Work to complete: Extract every entry word for word.

----------

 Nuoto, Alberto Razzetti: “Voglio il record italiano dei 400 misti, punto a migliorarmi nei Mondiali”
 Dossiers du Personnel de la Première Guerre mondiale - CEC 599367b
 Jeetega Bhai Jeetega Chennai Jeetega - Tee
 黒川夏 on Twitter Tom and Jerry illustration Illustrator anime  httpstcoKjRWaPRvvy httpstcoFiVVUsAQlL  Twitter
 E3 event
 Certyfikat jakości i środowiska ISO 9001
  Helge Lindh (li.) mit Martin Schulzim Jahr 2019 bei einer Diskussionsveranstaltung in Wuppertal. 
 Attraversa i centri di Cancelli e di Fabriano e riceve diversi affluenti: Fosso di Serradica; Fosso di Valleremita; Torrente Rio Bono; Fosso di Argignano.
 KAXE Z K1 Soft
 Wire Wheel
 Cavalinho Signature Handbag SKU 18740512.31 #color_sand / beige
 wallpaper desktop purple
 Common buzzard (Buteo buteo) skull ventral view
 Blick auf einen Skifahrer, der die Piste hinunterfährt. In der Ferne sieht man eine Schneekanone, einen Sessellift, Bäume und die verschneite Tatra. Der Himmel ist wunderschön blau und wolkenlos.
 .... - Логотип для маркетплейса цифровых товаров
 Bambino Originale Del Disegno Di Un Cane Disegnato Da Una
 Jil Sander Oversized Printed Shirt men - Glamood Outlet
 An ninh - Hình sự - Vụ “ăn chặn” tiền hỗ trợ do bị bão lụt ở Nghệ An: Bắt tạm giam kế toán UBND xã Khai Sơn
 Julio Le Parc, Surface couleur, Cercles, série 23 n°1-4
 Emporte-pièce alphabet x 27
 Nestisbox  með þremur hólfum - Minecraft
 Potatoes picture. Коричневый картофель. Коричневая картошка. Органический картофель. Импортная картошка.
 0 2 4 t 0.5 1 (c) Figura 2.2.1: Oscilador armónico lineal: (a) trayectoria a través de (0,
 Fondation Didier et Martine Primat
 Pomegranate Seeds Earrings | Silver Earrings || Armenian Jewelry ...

----------

Response for this exercise:
 Nuoto, Alberto Razzetti: “Voglio il record italiano dei 400 misti, punto a migliorarmi nei Mondiali”
 Dossiers du Personnel de la Première Guerre mondiale - CEC 599367b
 Jeetega Bhai Jeetega Chennai Jeetega - Tee
 黒川夏 on Twitter Tom and Jerry illustration Illustrator anime  httpstcoKjRWaPRvvy httpstcoFiVVUsAQlL  Twitter
 E3 event
 Certyfikat jakości i środowiska ISO 9001
  Helge Lindh (li.) mit Martin Schulzim Jahr 2019 bei einer Diskussionsveranstaltung in Wuppertal. 
 Attraversa i centri di Cancelli e di Fabriano e riceve diversi affluenti: Fosso di Serradica; Fosso di Valleremita; Torrente Rio Bono; Fosso di Argignano.
 KAXE Z K1 Soft
 Wire Wheel
 Cavalinho Signature Handbag SKU 18740512.31 #color_sand / beige
 wallpaper desktop purple
 Common buzzard (Buteo buteo) skull ventral view
 Blick auf einen Skifahrer, der die Piste hinunterfährt. In der Ferne sieht man eine Schneekanone, einen Sessellift, Bäume und die verschneite Tatra. Der Himmel ist wunderschön blau und wolkenlos.
 .... - Логотип для маркетплейса цифровых товаров
 Bambino Originale Del Disegno Di Un Cane Disegnato Da Una
 Jil Sander Oversized Printed Shirt men - Glamood Outlet
 An ninh - Hình sự - Vụ “ăn chặn” tiền hỗ trợ do bị bão lụt ở Nghệ An: Bắt tạm giam kế toán UBND xã Khai Sơn
 Julio Le Parc, Surface couleur, Cercles, série 23 n°1-4
 Emporte-pièce alphabet x 27
 Nestisbox  með þremur hólfum - Minecraft
 Potatoes picture. Коричневый картофель. Коричневая картошка. Органический картофель. Импортная картошка.
 0 2 4 t 0.5 1 (c) Figura 2.2.1: Oscilador armónico lineal: (a) trayectoria a través de (0,
 Fondation Didier et Martine Primat
 Pomegranate Seeds Earrings | Silver Earrings || Armenian Jewelry ...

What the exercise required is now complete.